Agencies must draft solicitations and RFPs with enough detail that prospective offerors can determine if they are qualified to perform the work as well as be able to submit an educated offer.

But how much detail is the agency required to provide in a solicitation? In some cases, GAO has allowed fairly generic language to suffice.  

GAO recently considered the level of detail needed in Al Baz 2000 Trading & Contracting Company, W.L.C., B-416622.2 (2018). This protest involved a Navy solicitation for transportation services at various locations throughout the Middle East. On September 17, 2018, the Navy issued an amended RFP containing the following:

The Contractor shall, without additional expense to the Government, obtain all required permits, licenses, and authorizations to perform services under this contract and comply with all applicable local laws, regulations, and ordinances. Provide evidence of such permits and licenses to the Contracting Officer before services commence and at other times as requested by the Contracting Officer.
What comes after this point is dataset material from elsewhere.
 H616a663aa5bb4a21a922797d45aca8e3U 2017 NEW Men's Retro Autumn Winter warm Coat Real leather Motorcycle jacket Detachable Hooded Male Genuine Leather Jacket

Al Baz protested, saying that the solicitation needed more detail. Instead of referencing “all applicable local laws, regulations and ordinances” language, Al Baz thought that the RFP should “expressly state that a UAE limousine license, in particular, is required.” The UAE, as with most large U.S. cities, is very strict on who may transport people to and from their destinations.

In denying Al Baz’s protest, GAO noted that an agency is only obligated to provide sufficient detail that allows offerors a meaningful opportunity to fairly respond. Agencies, however, are not required to describe each and every local law or requirement that contractors must follow. GAO recognized the limitations of government contracting officers when it said that officers “are not competent to pass upon the question of whether a particular local license or permit [is] required[.]” Knowing which licenses and permits are required is, instead, the responsibility of the contractor.
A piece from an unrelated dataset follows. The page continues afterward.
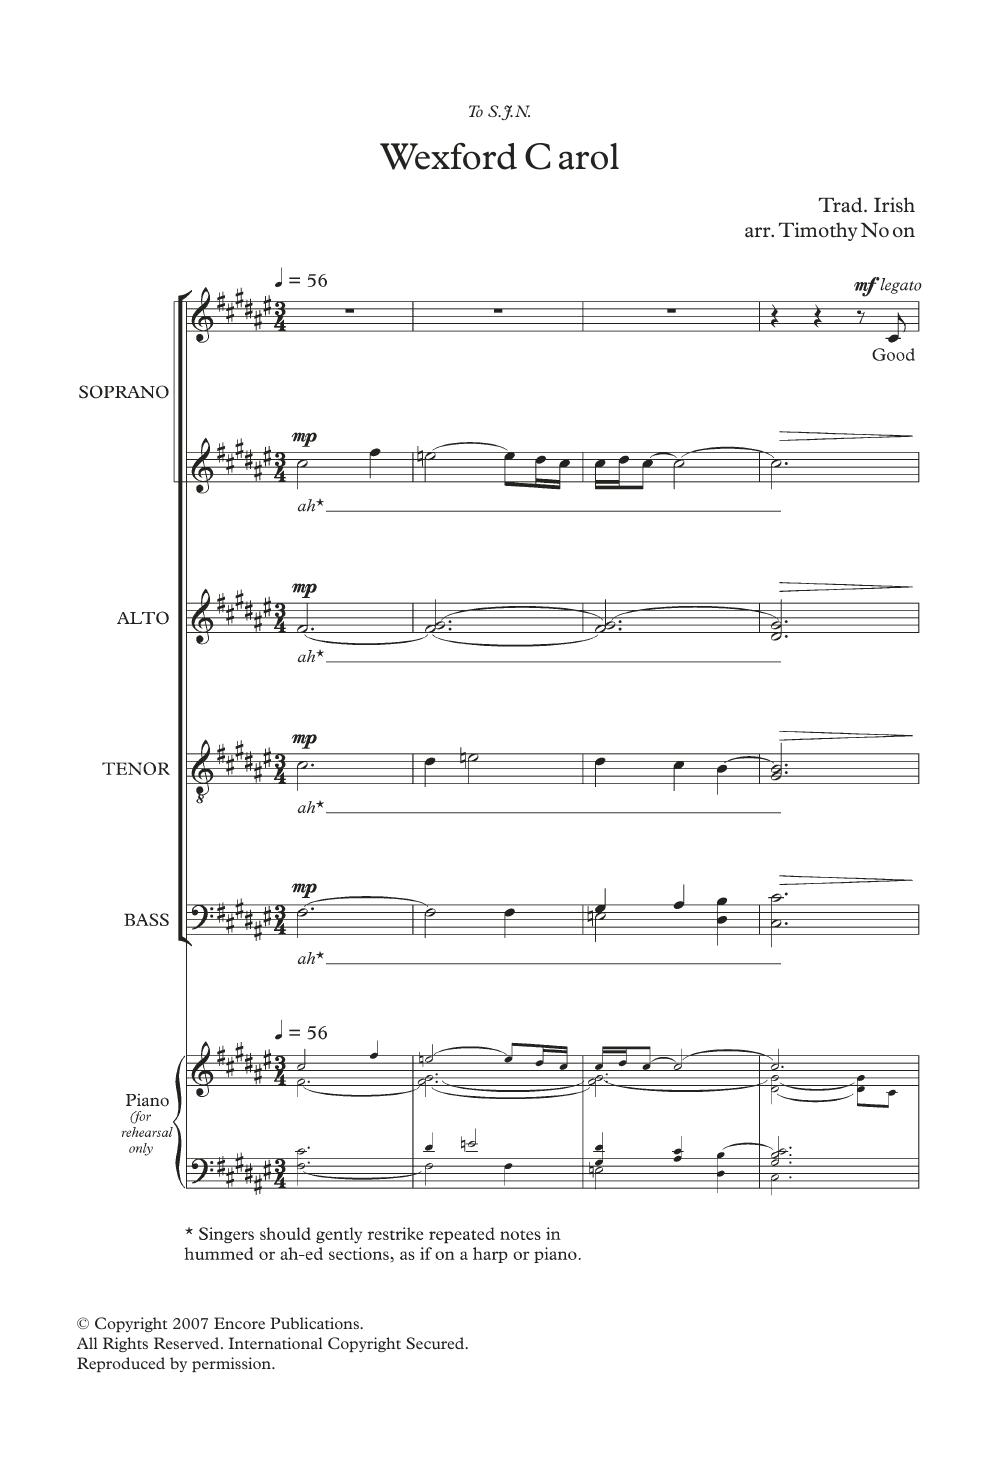 Wexford Carol (arr. Timothy Noon) Sheet Music

If this argument sounds familiar, you may recall Haley Claxton’s recent post where the government denied a bid protest because the protestor relied on the generic “industry standard” classification instead of detailing how the work would be performed. Here, GAO takes a similar approach by making a generalized statement in the RFP and relying on offerors to provide sufficient detail as to how they will satisfy the terms of the RFP.

Be cautious if you come across a solicitation or RFP with broad, sweeping language regarding local laws and regulations. While the government does not expect its officers to be familiar with these local laws and regulations, it does expect contractors to know, and abide by, them.